#### Exercise details:
Give back the records below exactly, every one, with no pictures.

#### Records to process:

------------------------------------------------------------------------

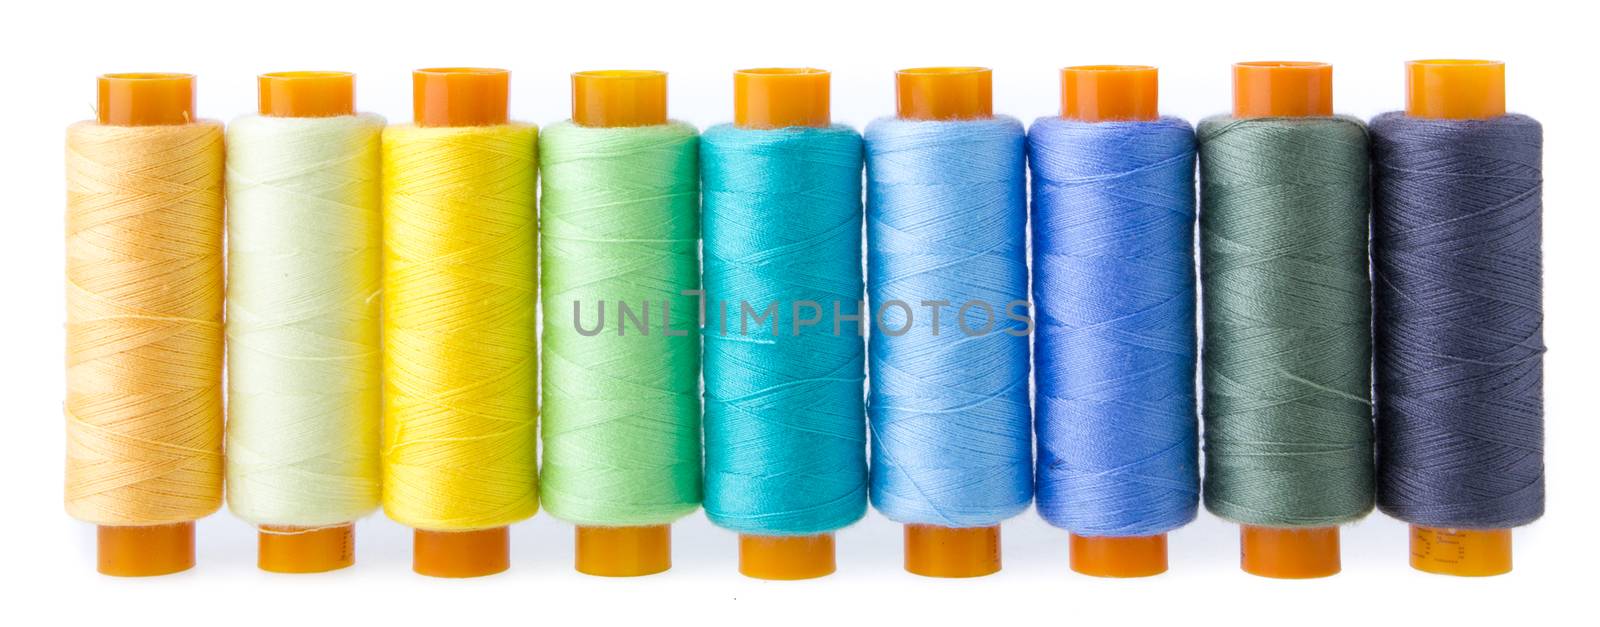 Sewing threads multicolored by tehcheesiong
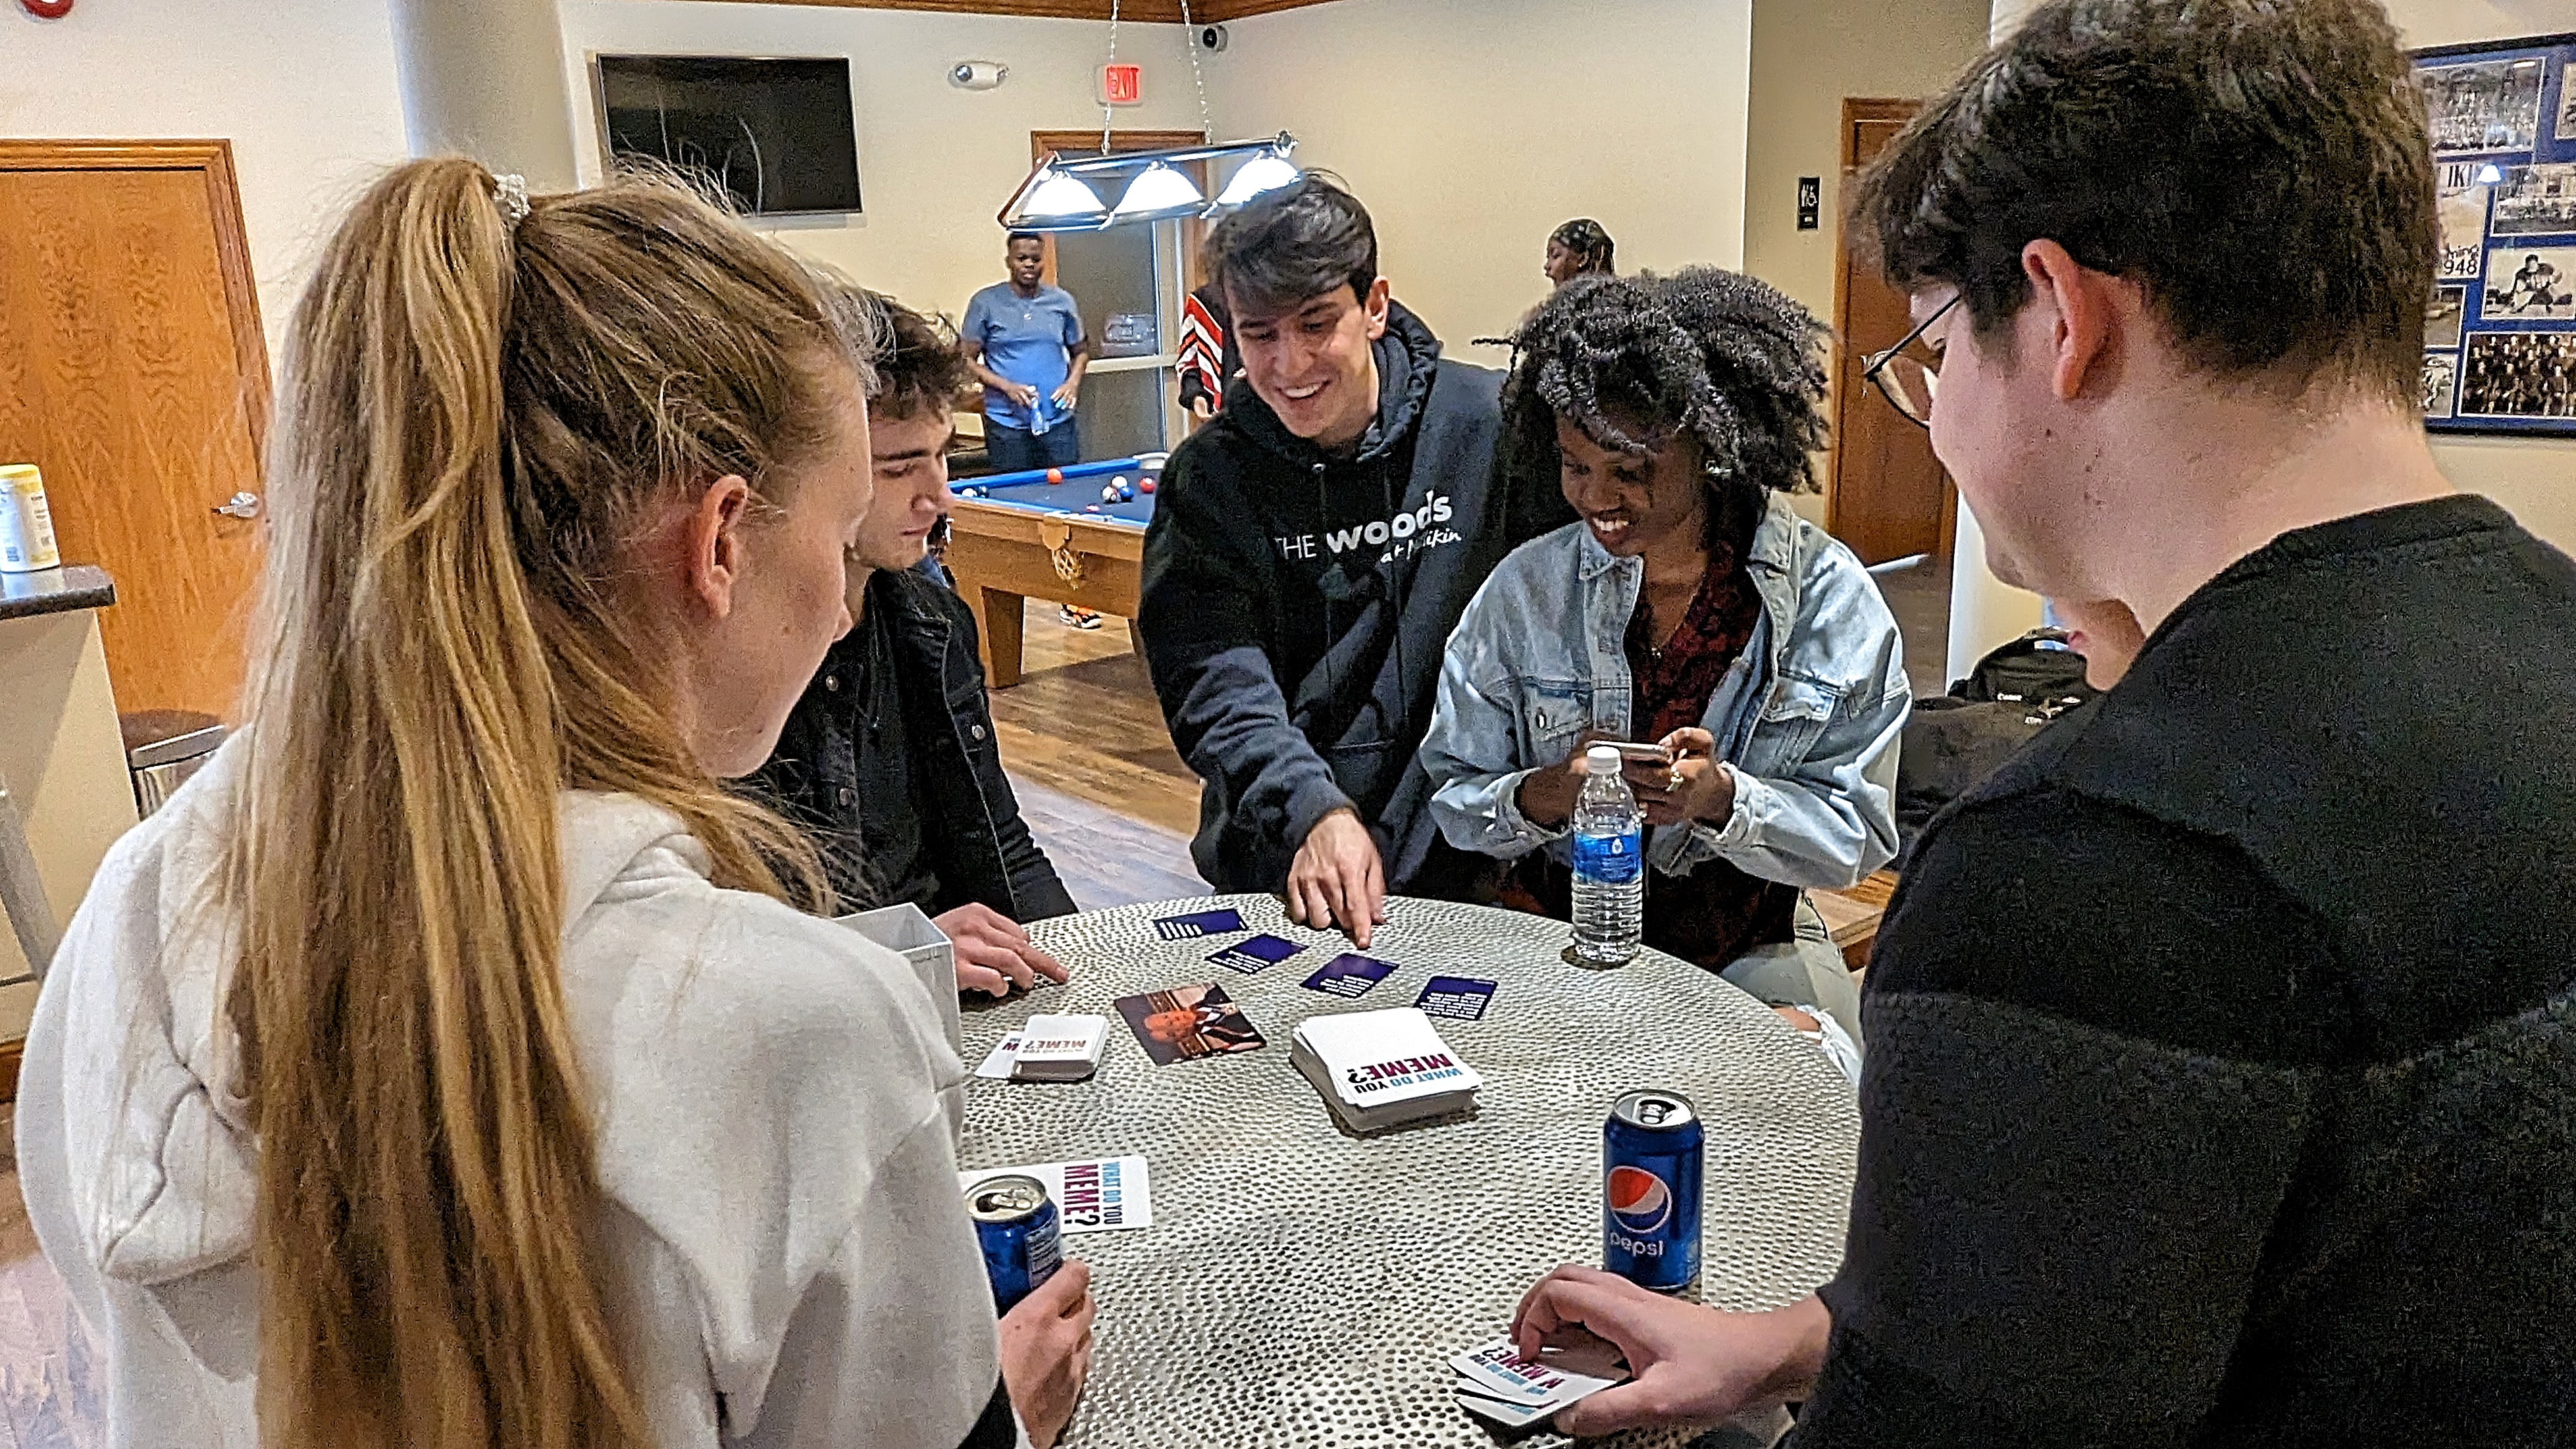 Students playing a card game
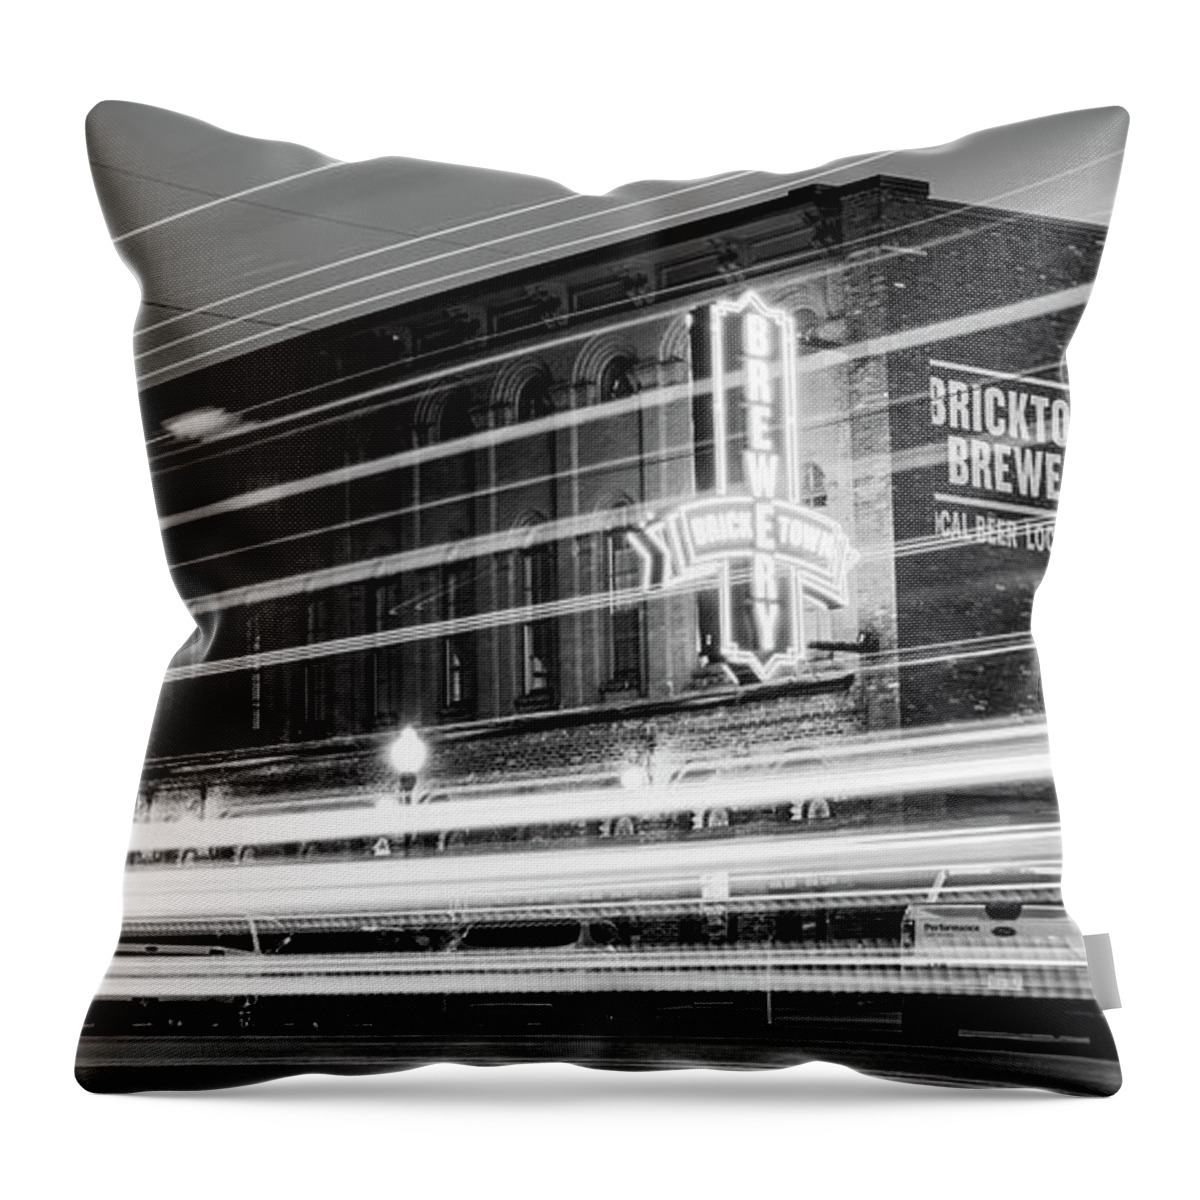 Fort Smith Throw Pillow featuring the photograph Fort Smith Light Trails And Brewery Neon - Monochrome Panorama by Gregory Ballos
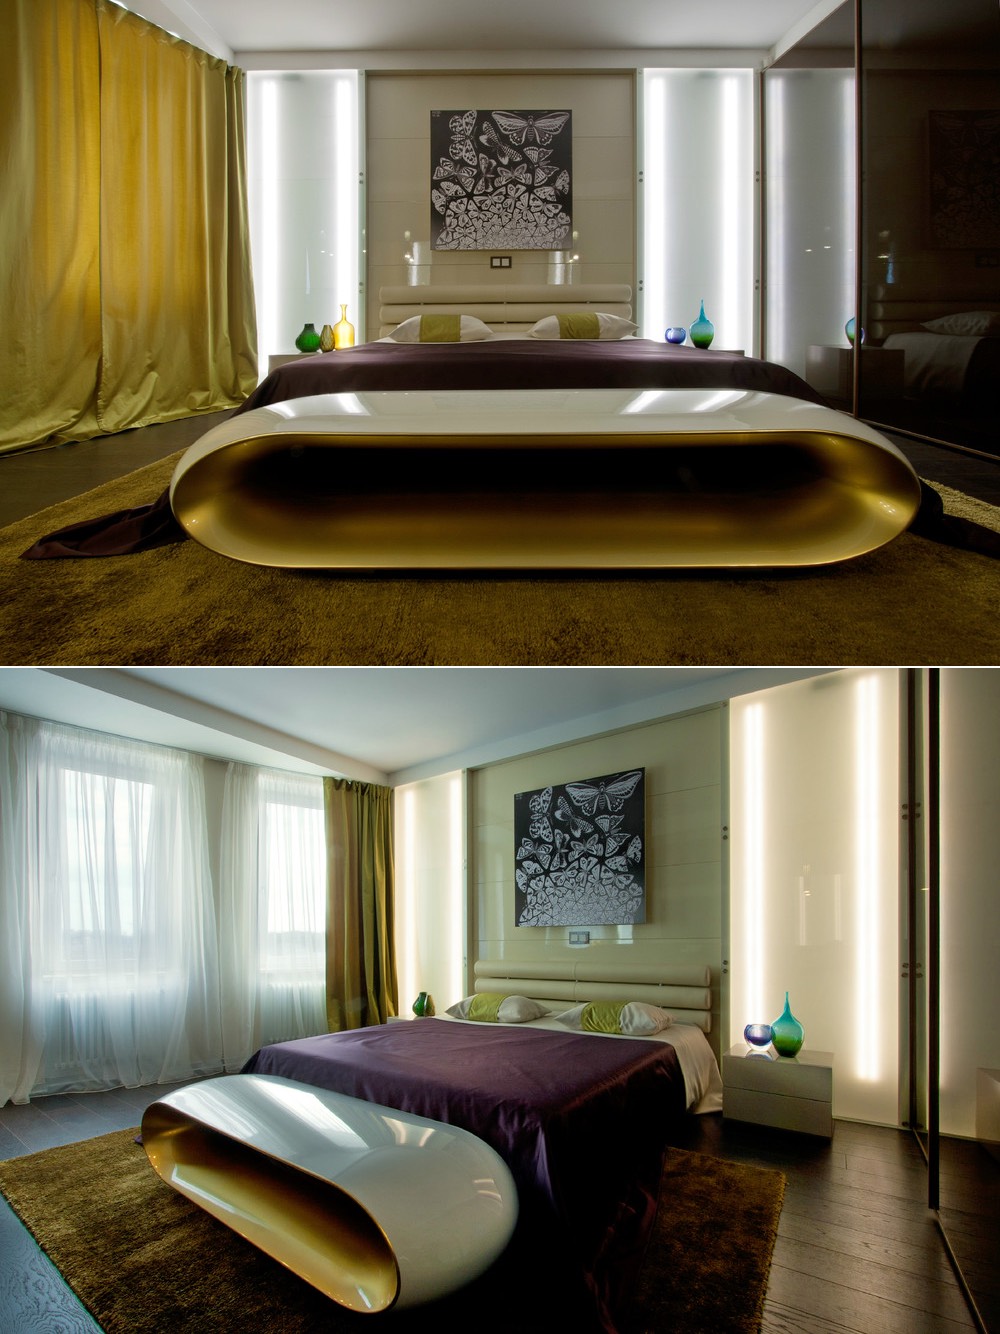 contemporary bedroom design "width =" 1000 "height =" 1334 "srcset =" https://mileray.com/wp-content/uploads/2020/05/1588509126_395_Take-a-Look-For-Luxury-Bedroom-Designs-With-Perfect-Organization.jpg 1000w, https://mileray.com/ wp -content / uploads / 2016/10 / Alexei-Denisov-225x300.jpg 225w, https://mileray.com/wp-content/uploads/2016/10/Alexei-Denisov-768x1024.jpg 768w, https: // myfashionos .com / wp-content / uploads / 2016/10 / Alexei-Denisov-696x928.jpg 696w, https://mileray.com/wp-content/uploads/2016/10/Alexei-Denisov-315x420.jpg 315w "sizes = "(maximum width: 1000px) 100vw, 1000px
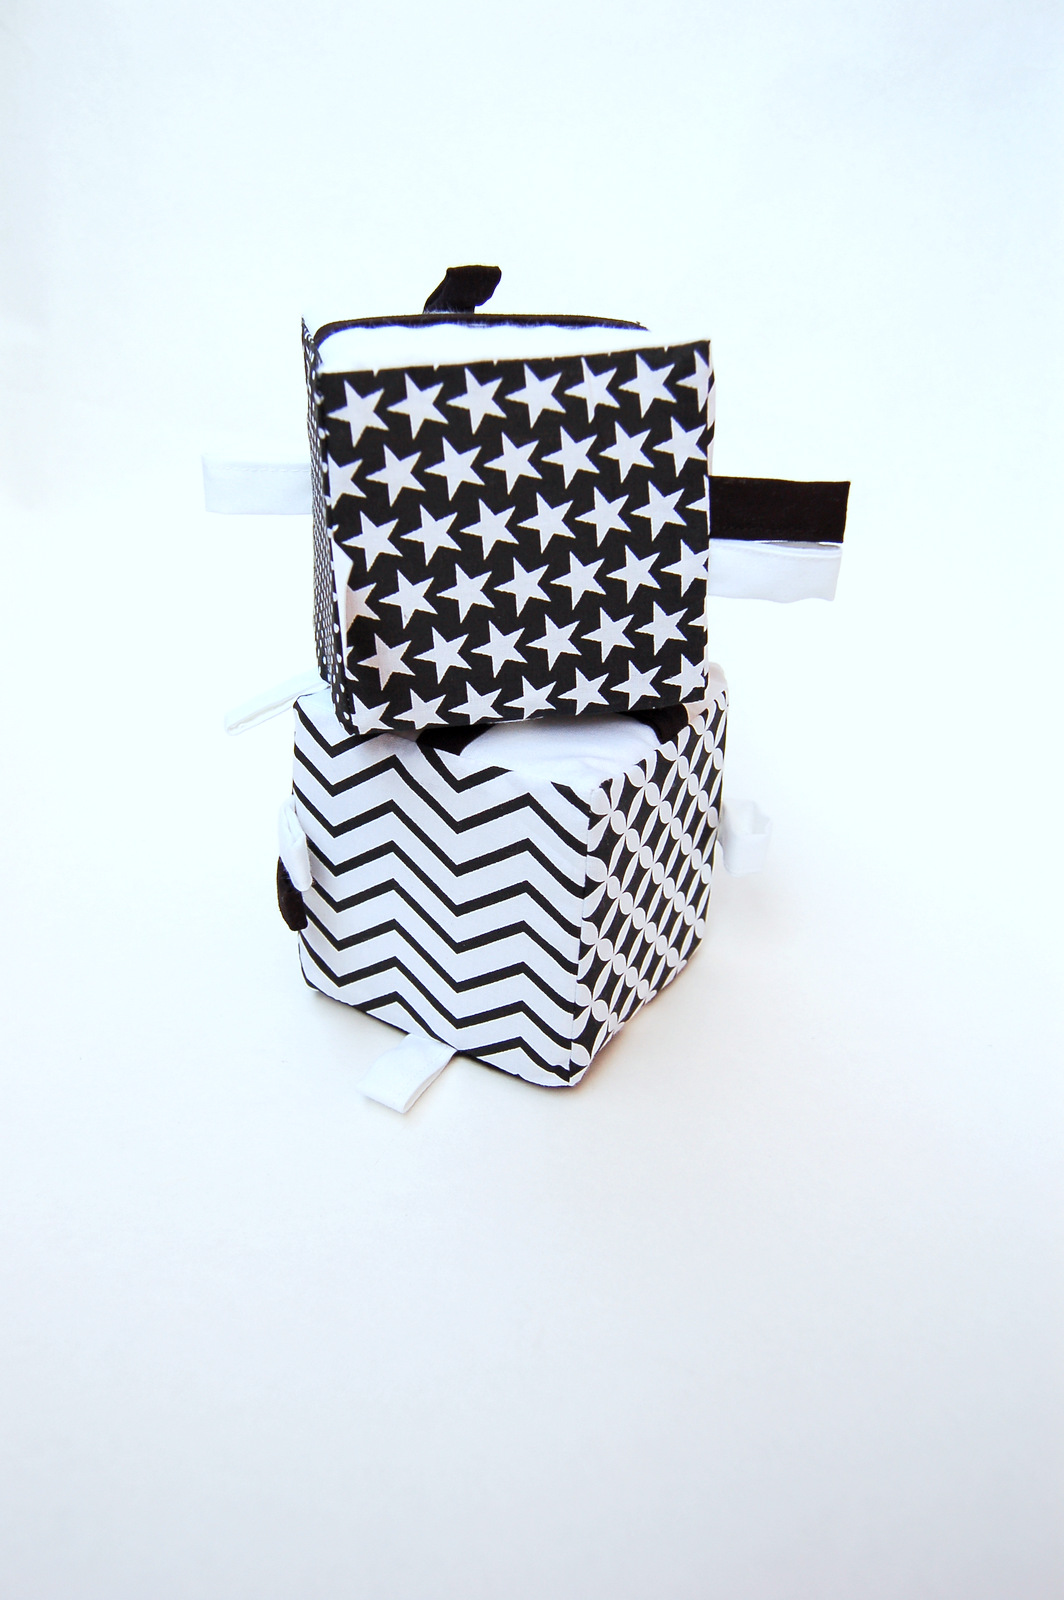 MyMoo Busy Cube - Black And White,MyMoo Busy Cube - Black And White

------------------------------------------------------------------------

#### Your response:
 Sewing threads multicolored by tehcheesiong
 Students playing a card game
 Fort Smith Throw Pillow featuring the photograph Fort Smith Light Trails And Brewery Neon - Monochrome Panorama by Gregory Ballos
 contemporary bedroom design "width =" 1000 "height =" 1334 "srcset =" https://mileray.com/wp-content/uploads/2020/05/1588509126_395_Take-a-Look-For-Luxury-Bedroom-Designs-With-Perfect-Organization.jpg 1000w, https://mileray.com/ wp -content / uploads / 2016/10 / Alexei-Denisov-225x300.jpg 225w, https://mileray.com/wp-content/uploads/2016/10/Alexei-Denisov-768x1024.jpg 768w, https: // myfashionos .com / wp-content / uploads / 2016/10 / Alexei-Denisov-696x928.jpg 696w, https://mileray.com/wp-content/uploads/2016/10/Alexei-Denisov-315x420.jpg 315w "sizes = "(maximum width: 1000px) 100vw, 1000px
 MyMoo Busy Cube - Black And White,MyMoo Busy Cube - Black And White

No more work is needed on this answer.